** Opening Stored data block **
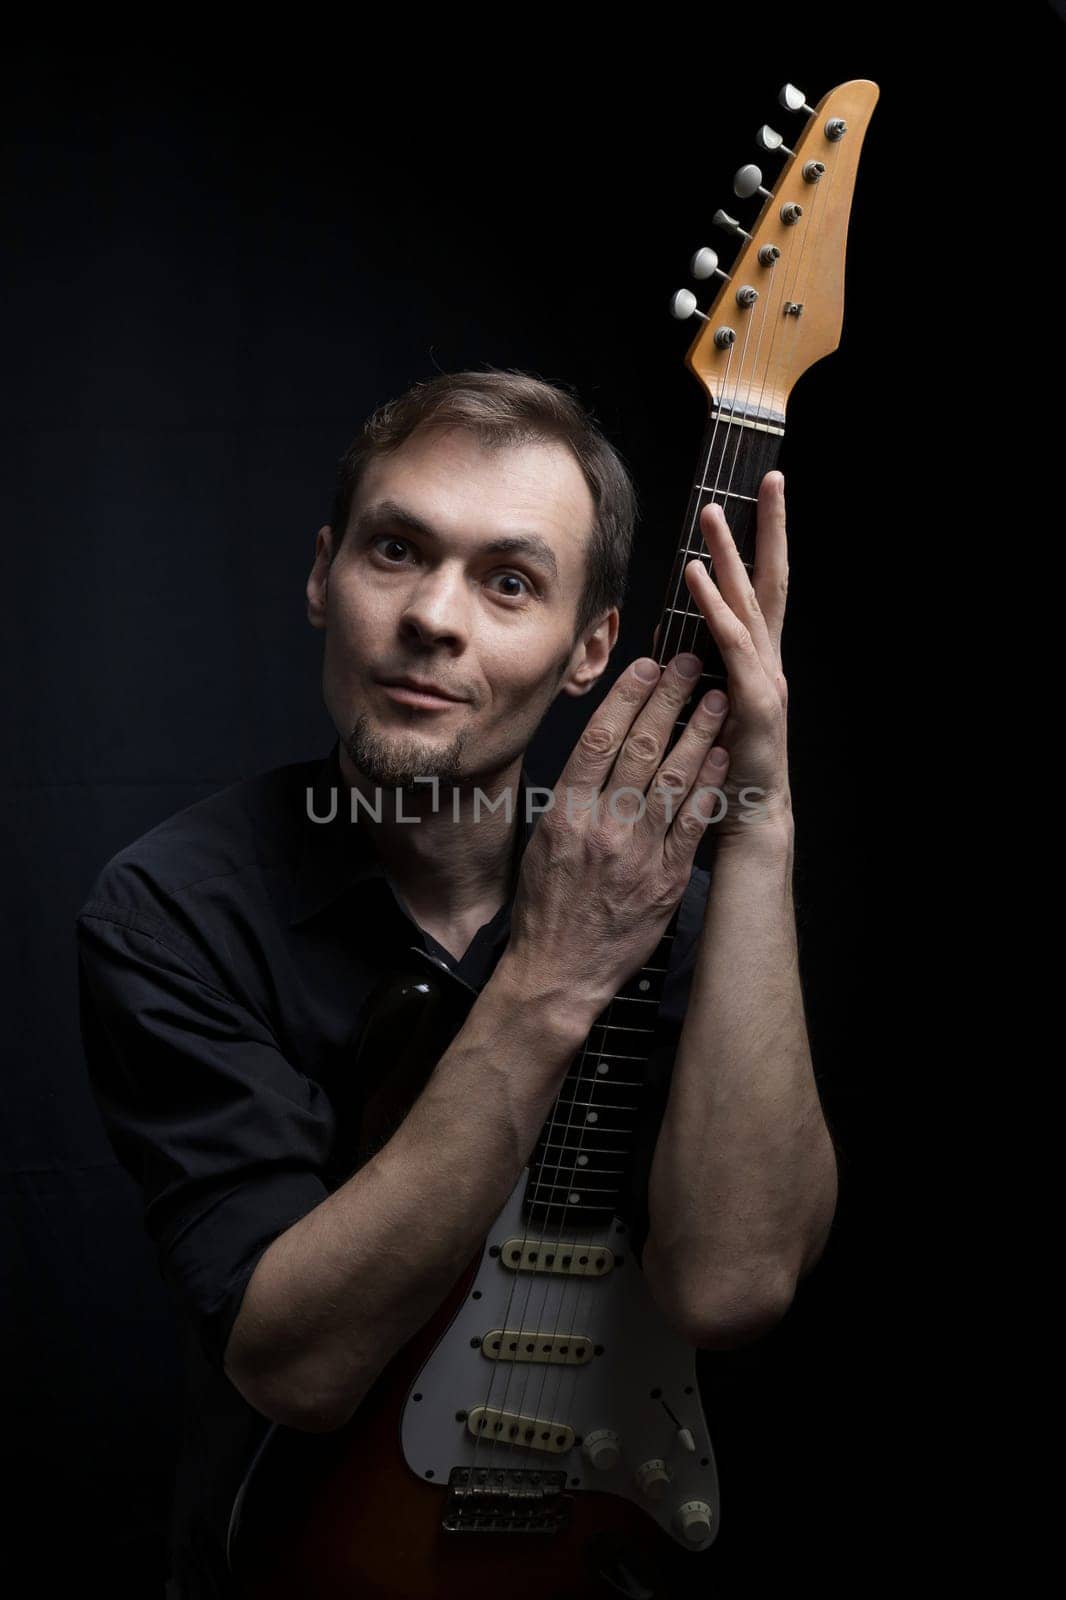 Expressive portrait of a caucasian man with an electric guitar on a dark background.
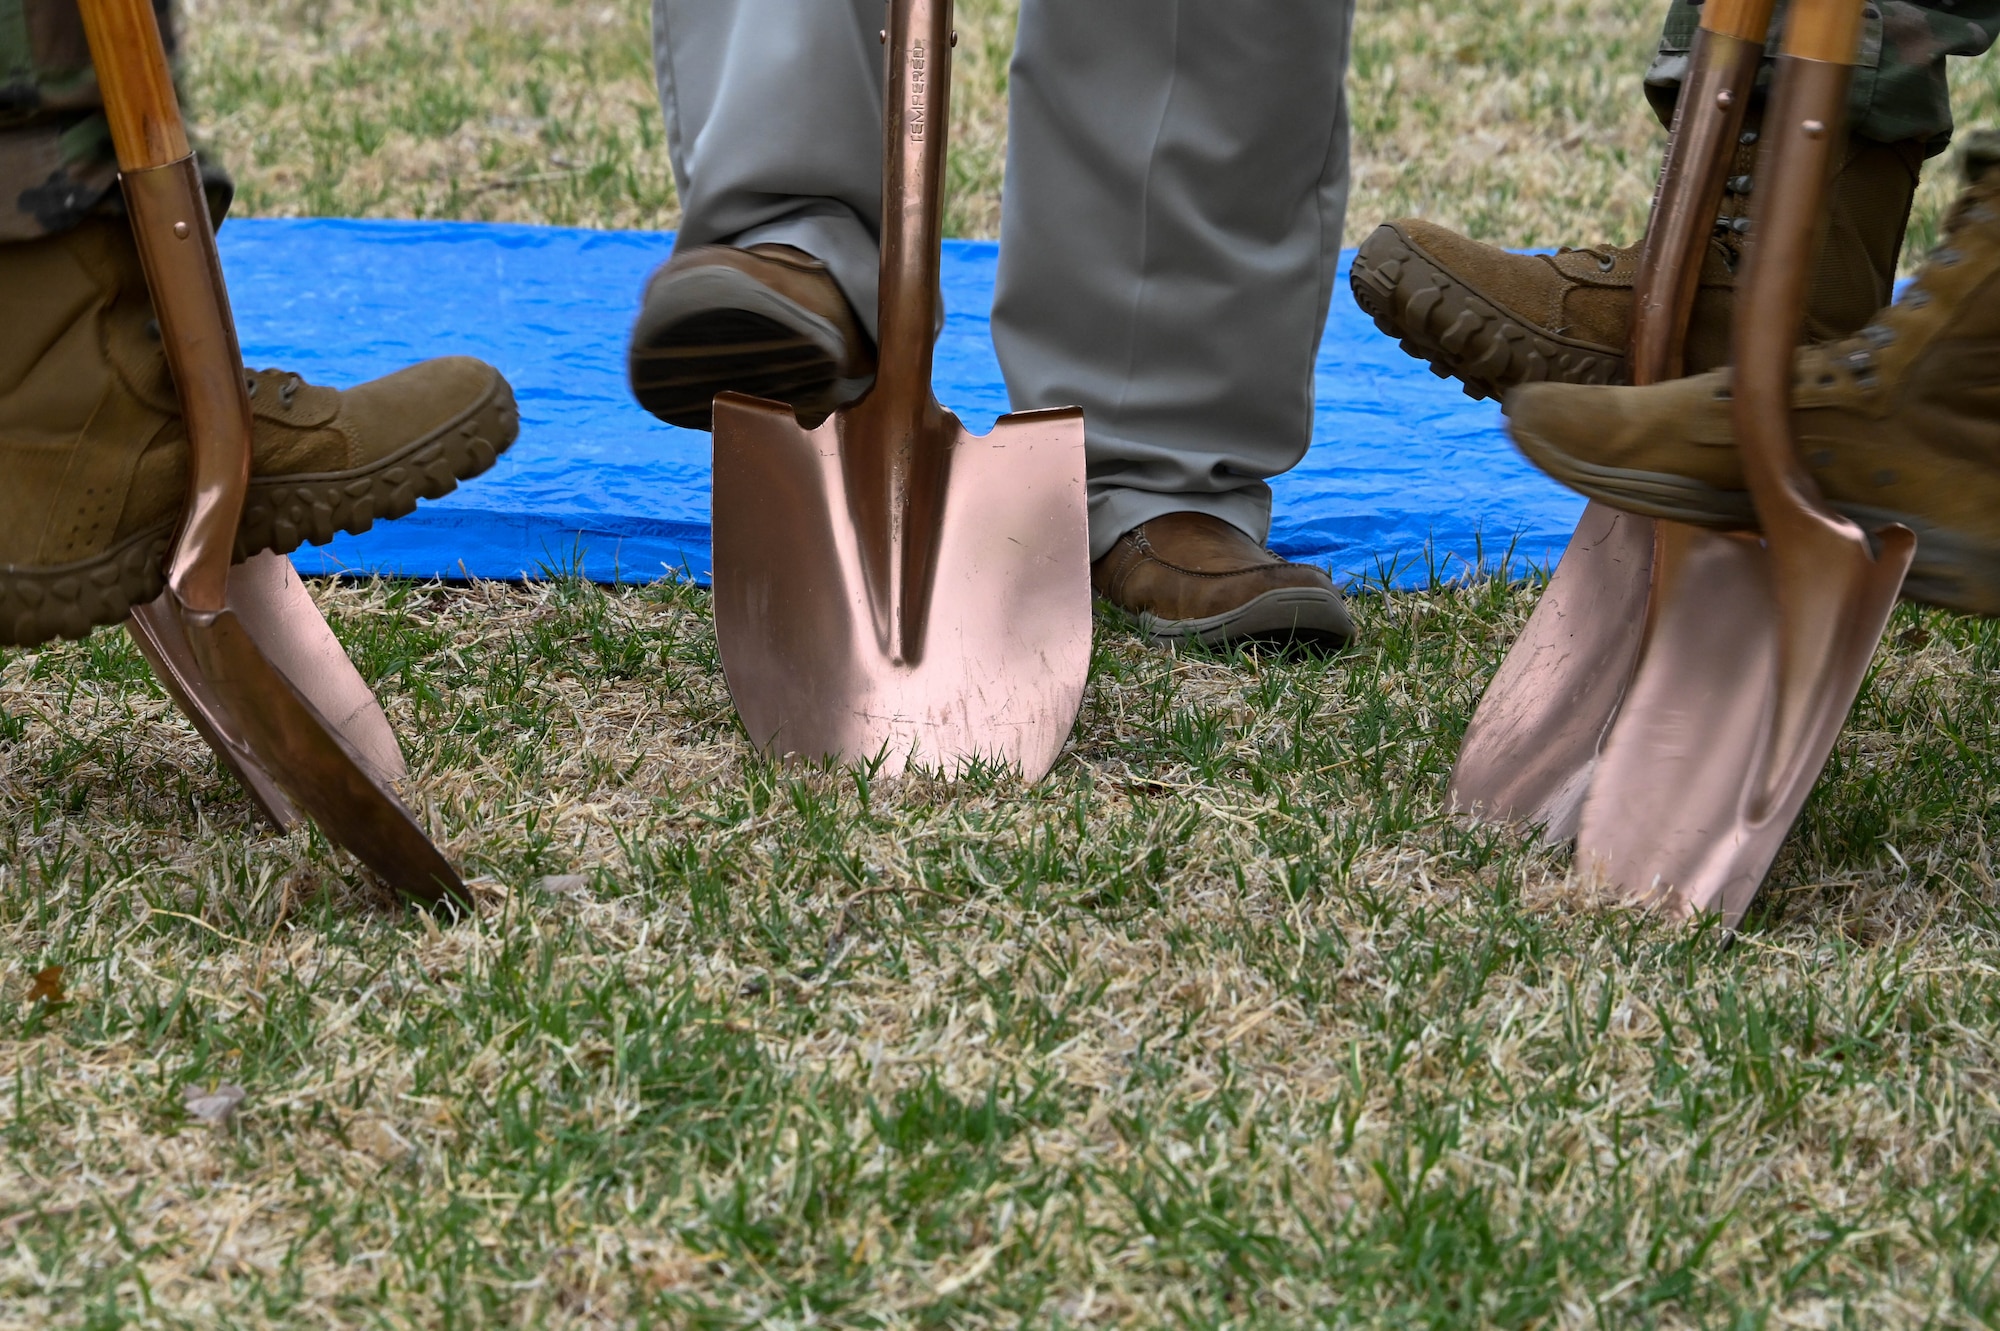 97th Air Mobility Wing Airmen and local community leaders break ground to plant a new eastern redbud tree at Altus Air Force Base, Oklahoma, May 2, 2022. The tree’s flowers are light to dark magenta pink in color, appearing in clusters from spring to early summer. (U.S. Air Force photo by Senior Airman Kayla Christenson)
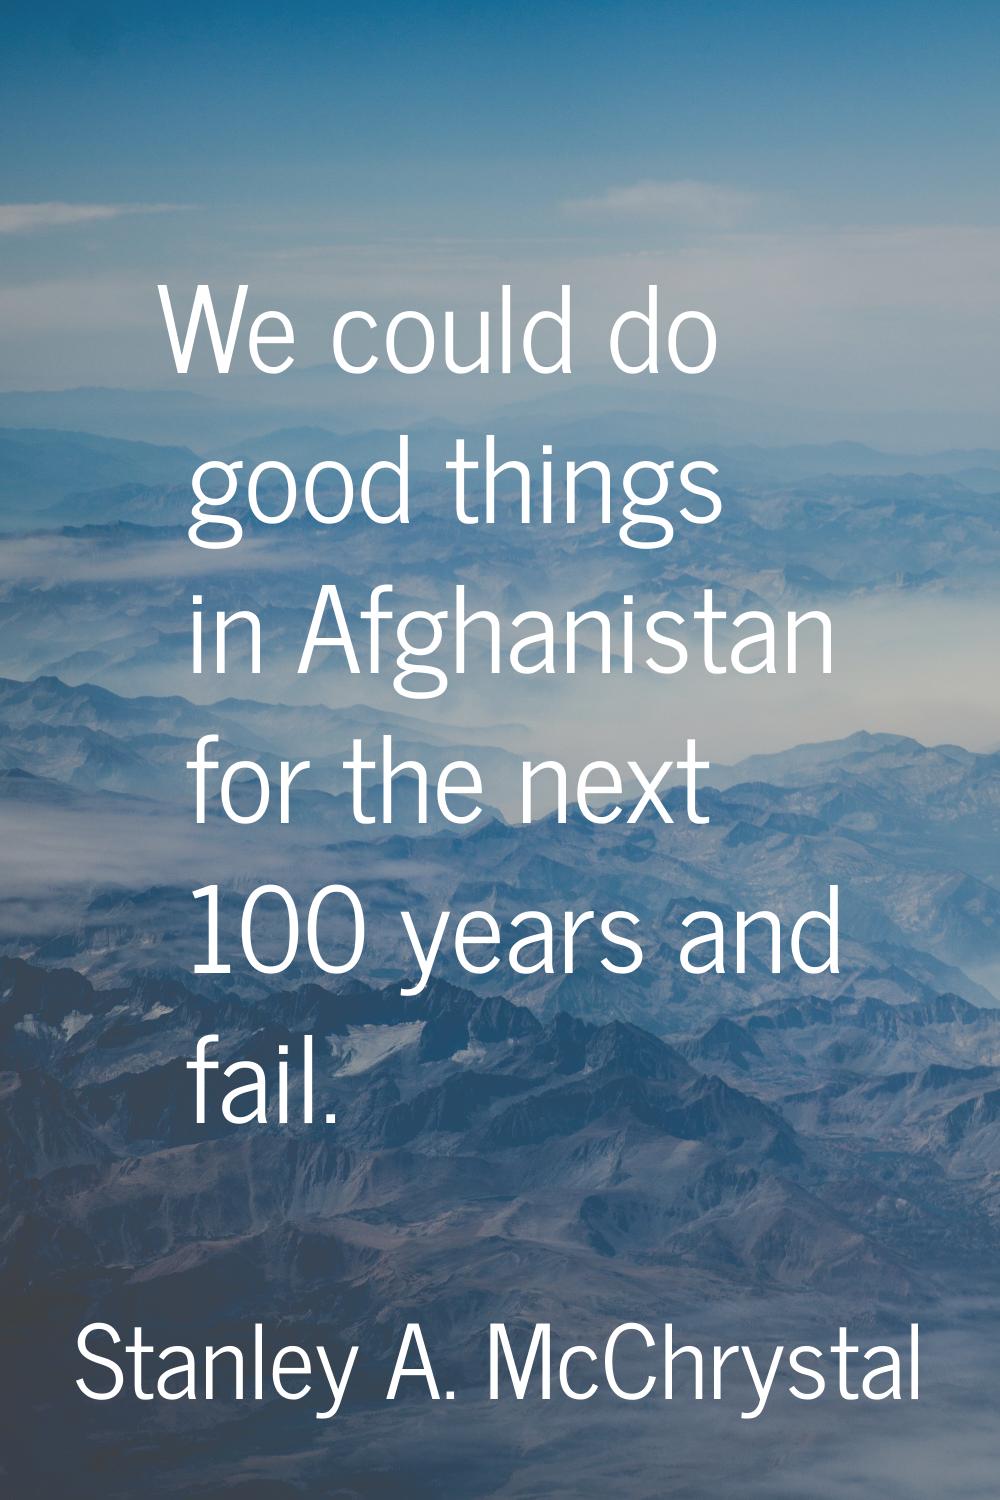 We could do good things in Afghanistan for the next 100 years and fail.
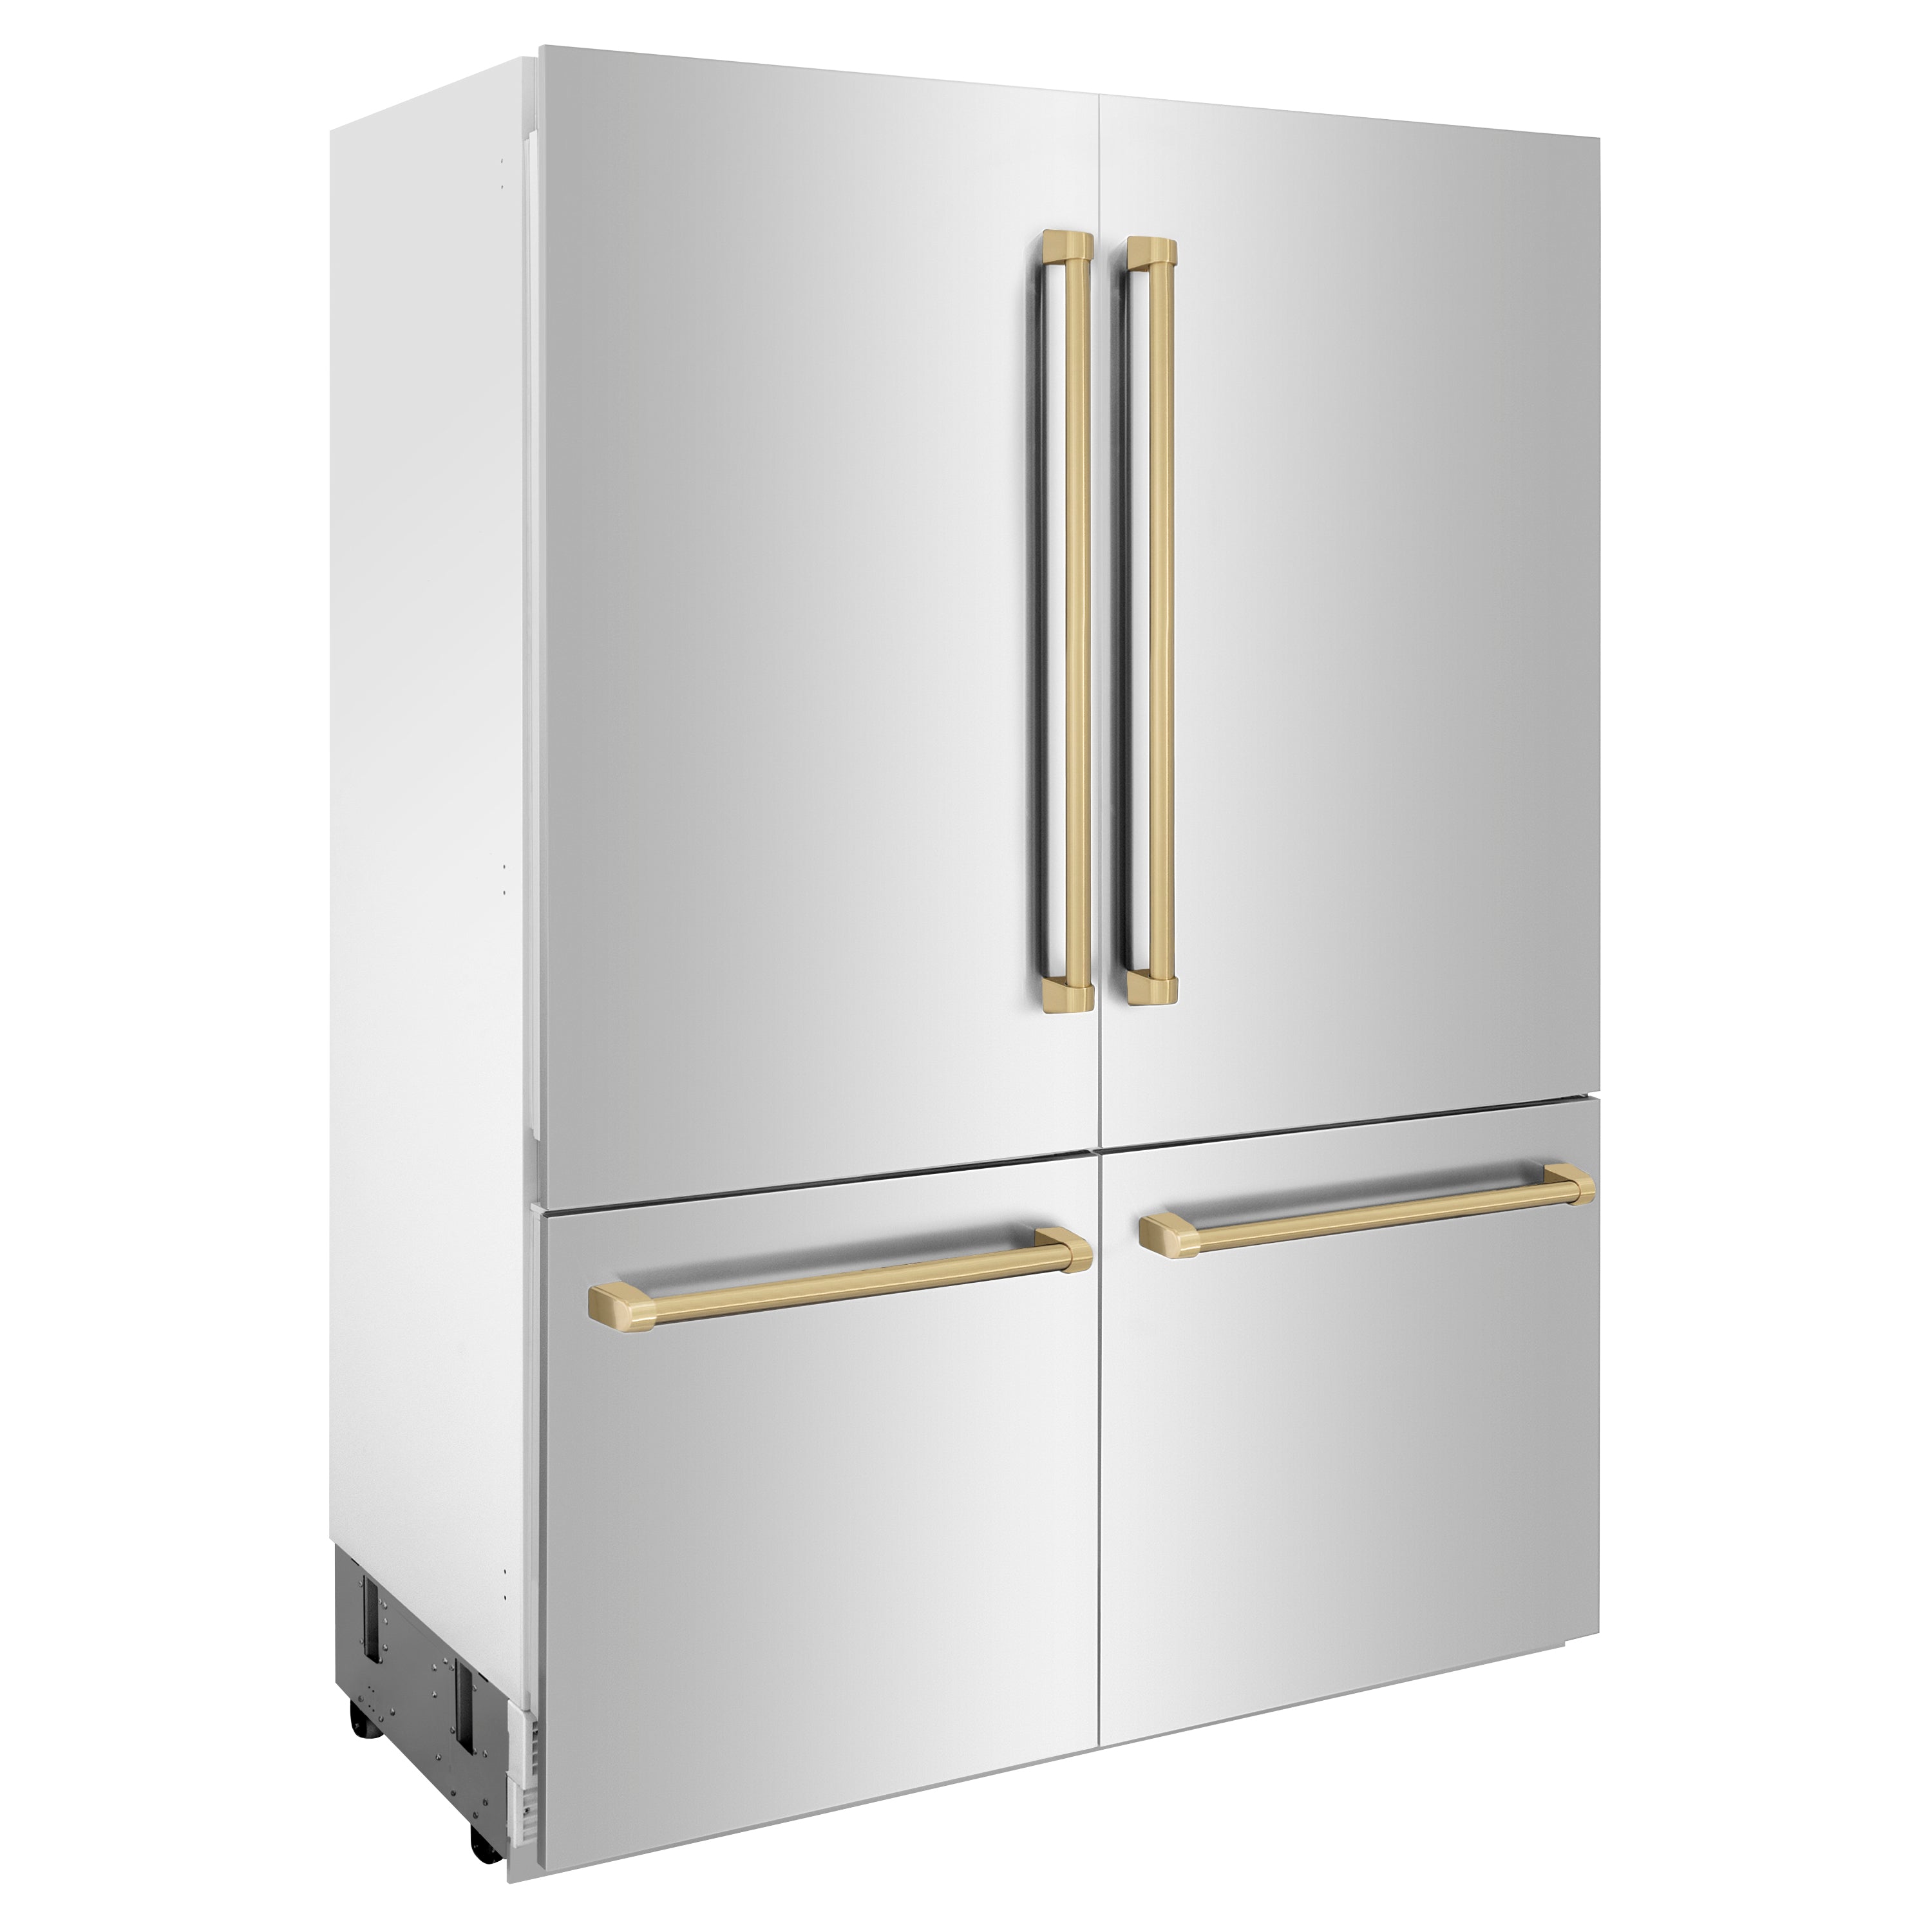 ZLINE 60" Autograph Edition 32.2 cu. ft. Built-in 4-Door French Door Refrigerator with Internal Water and Ice Dispenser in Stainless Steel with Champagne Bronze Accents
** Closing Stored data block **
Task requirements:
Your task is to write out, exactly and without pictures, only the lines from the one holding "We could do" to the last line of the data.

Answer section:
 We could do good things in Afghanistan for the next 100 years and fail.
 ZLINE 60" Autograph Edition 32.2 cu. ft. Built-in 4-Door French Door Refrigerator with Internal Water and Ice Dispenser in Stainless Steel with Champagne Bronze Accents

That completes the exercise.